What is 'cost per successful task' and why does it matter?+
It's your total spend divided by the tasks that actually succeeded. If some tasks fail and must re-run, you paid for those failed attempts too — so cost per successful task is higher than cost per attempt. It's the honest number for budgeting, and the calculator surfaces it alongside a monthly waste estimate.
Does prompt caching reduce agent costs?+
Significantly, for the right shape. Caching bills your stable prefix (system prompt + tool schemas) at the cache-read rate — about 0.1x input on Claude — instead of full price on every turn. The catch: any byte change in the prefix invalidates the cache, so timestamps or varying tool lists silently kill your hit rate. Toggle caching in the calculator to see your savings.

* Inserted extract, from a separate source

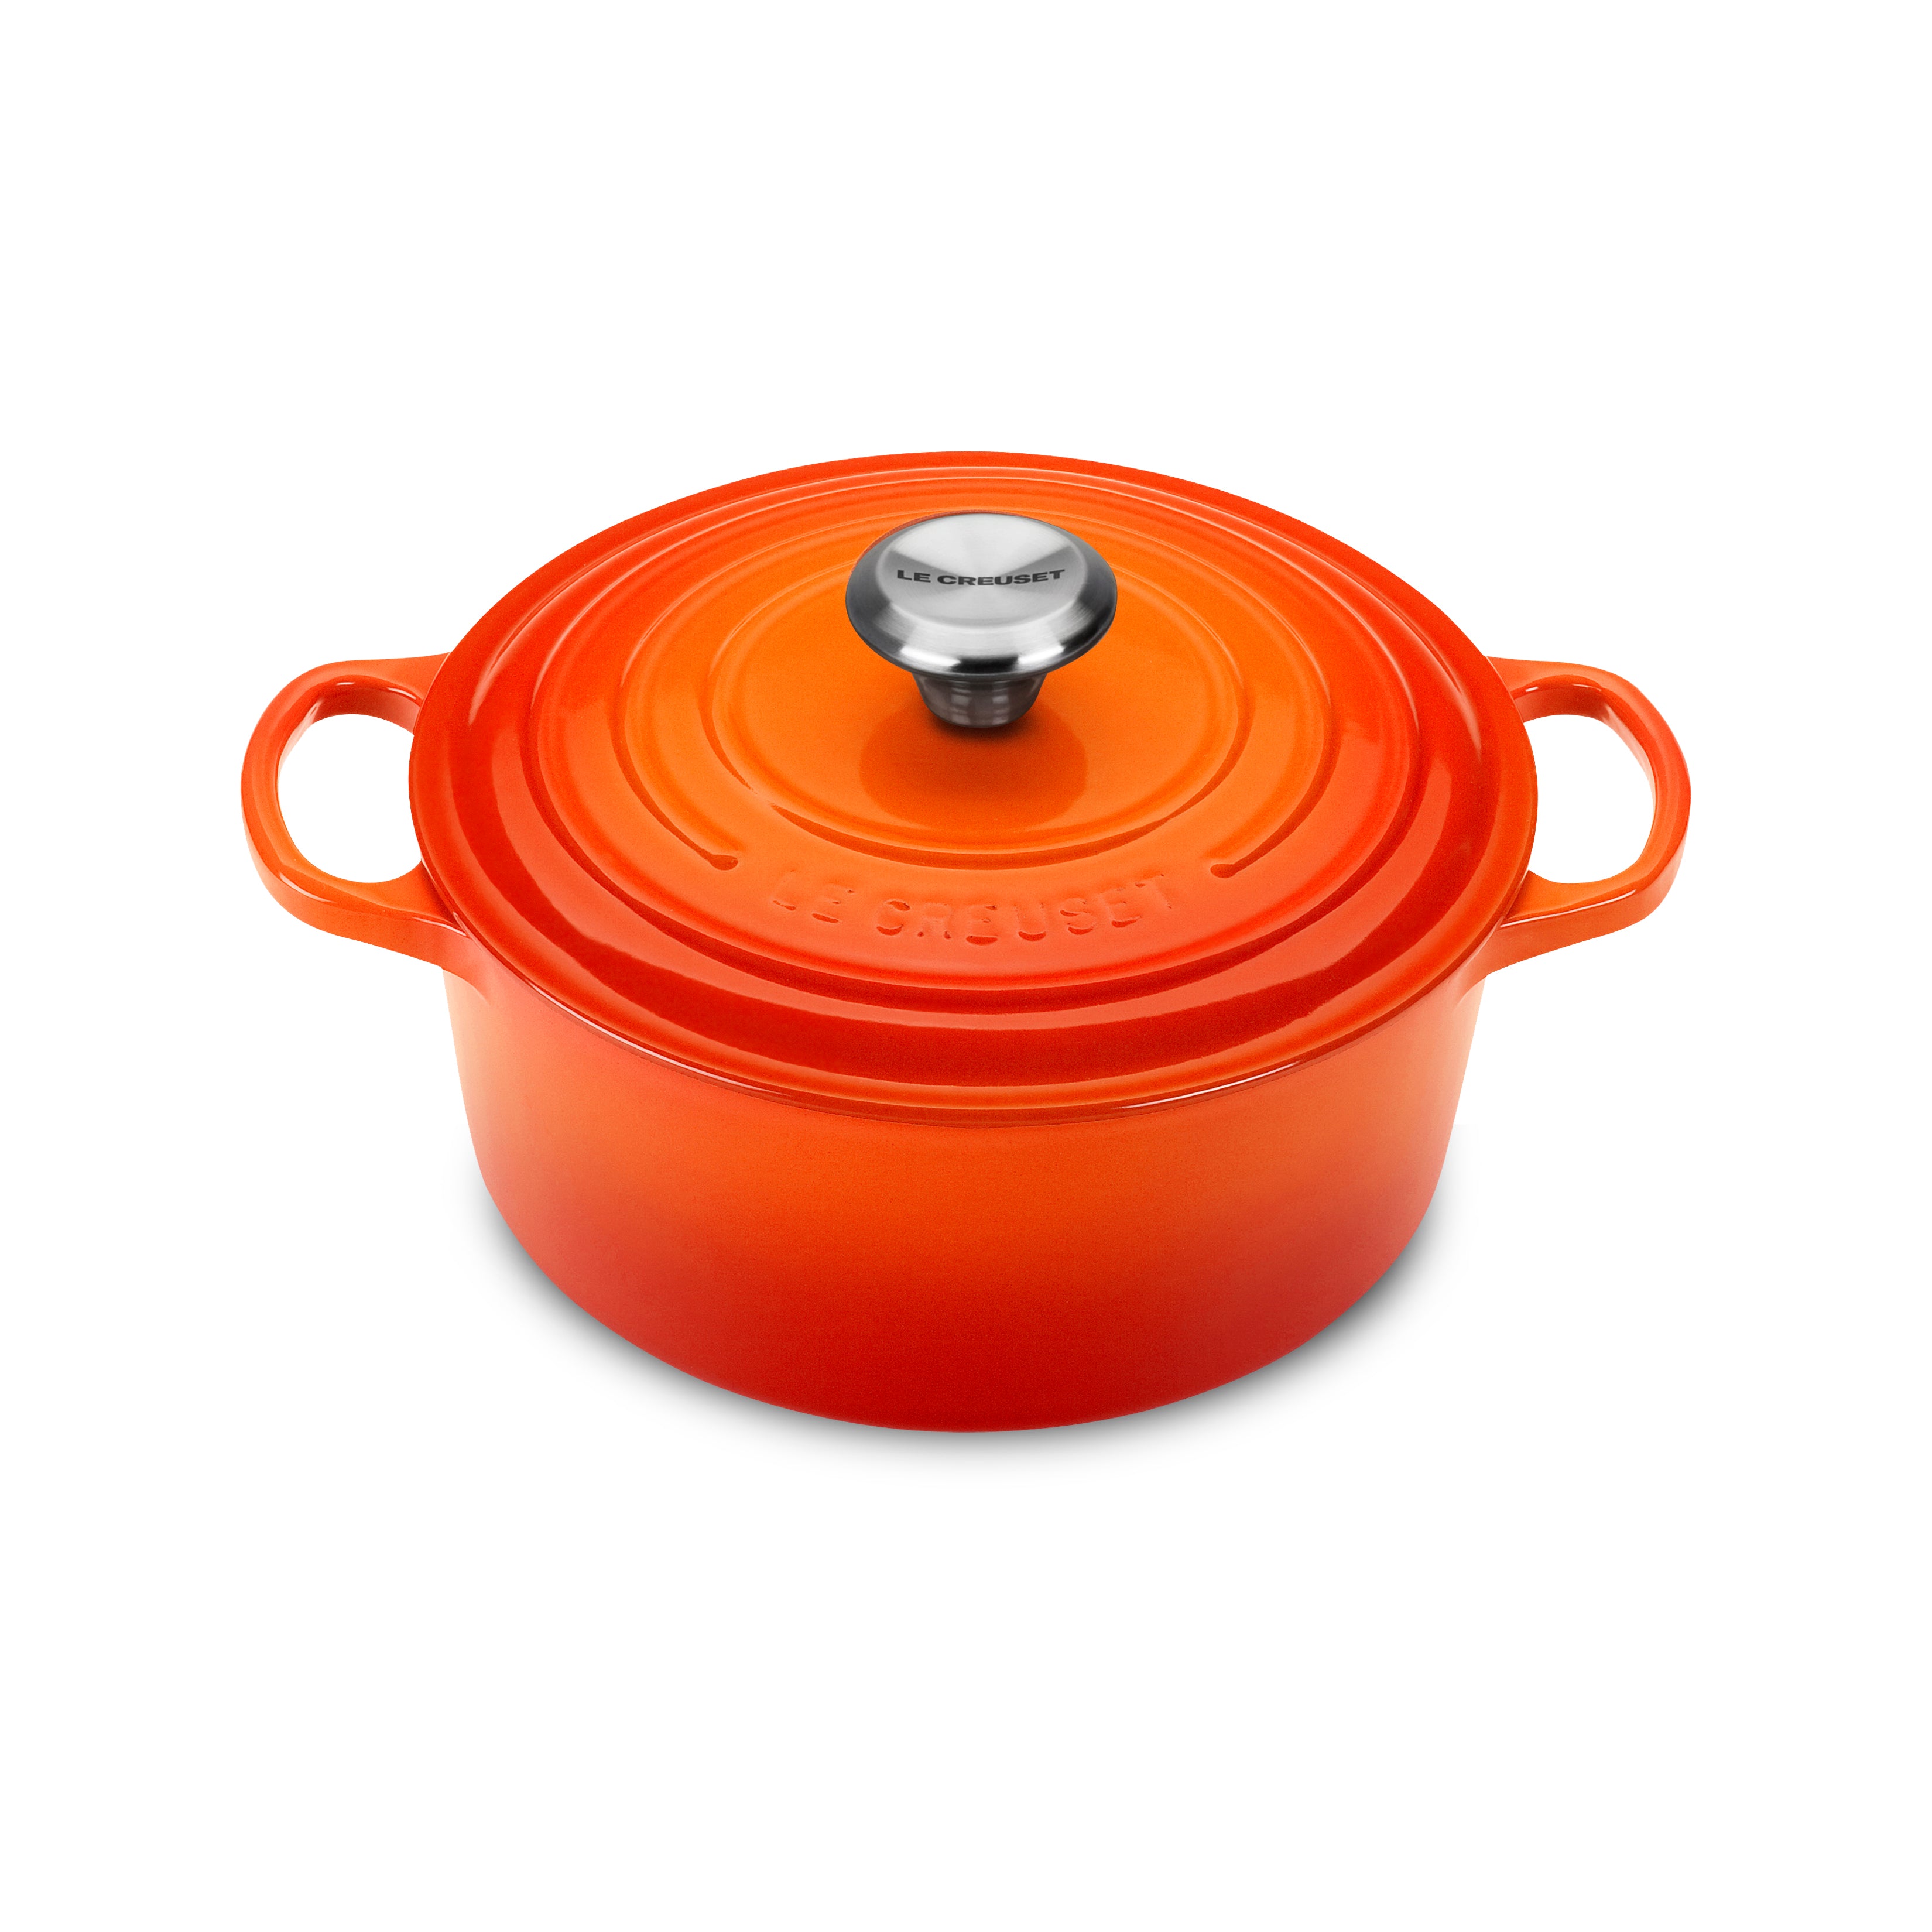 🔥Vintage LE CREUSET Enamel Cast Iron Pot Wood Handle in🔥 Orange 🔥

How can I make my agent cheaper without losing quality?+
Four levers, in rough order of impact: cut context growth (trim system prompts, prune tool results, summarize old turns); enable and protect prompt caching; reduce waste (lower retries, cap loops, validate tool calls); and route appropriately — a frontier model for hard steps, a cheaper same-tier or lower-tier model for the rest. The comparison table and routing suggestion quantify the last one for your workload.
Which provider is cheapest for AI agents?+
It depends entirely on the workload shape. Frontier reasoning favors different models than high-volume tool loops. The calculator prices your exact profile across OpenAI, Anthropic, Google, DeepSeek, Groq, Together and OpenRouter at once, so you can compare like-for-like instead of comparing headline per-token prices that ignore context growth.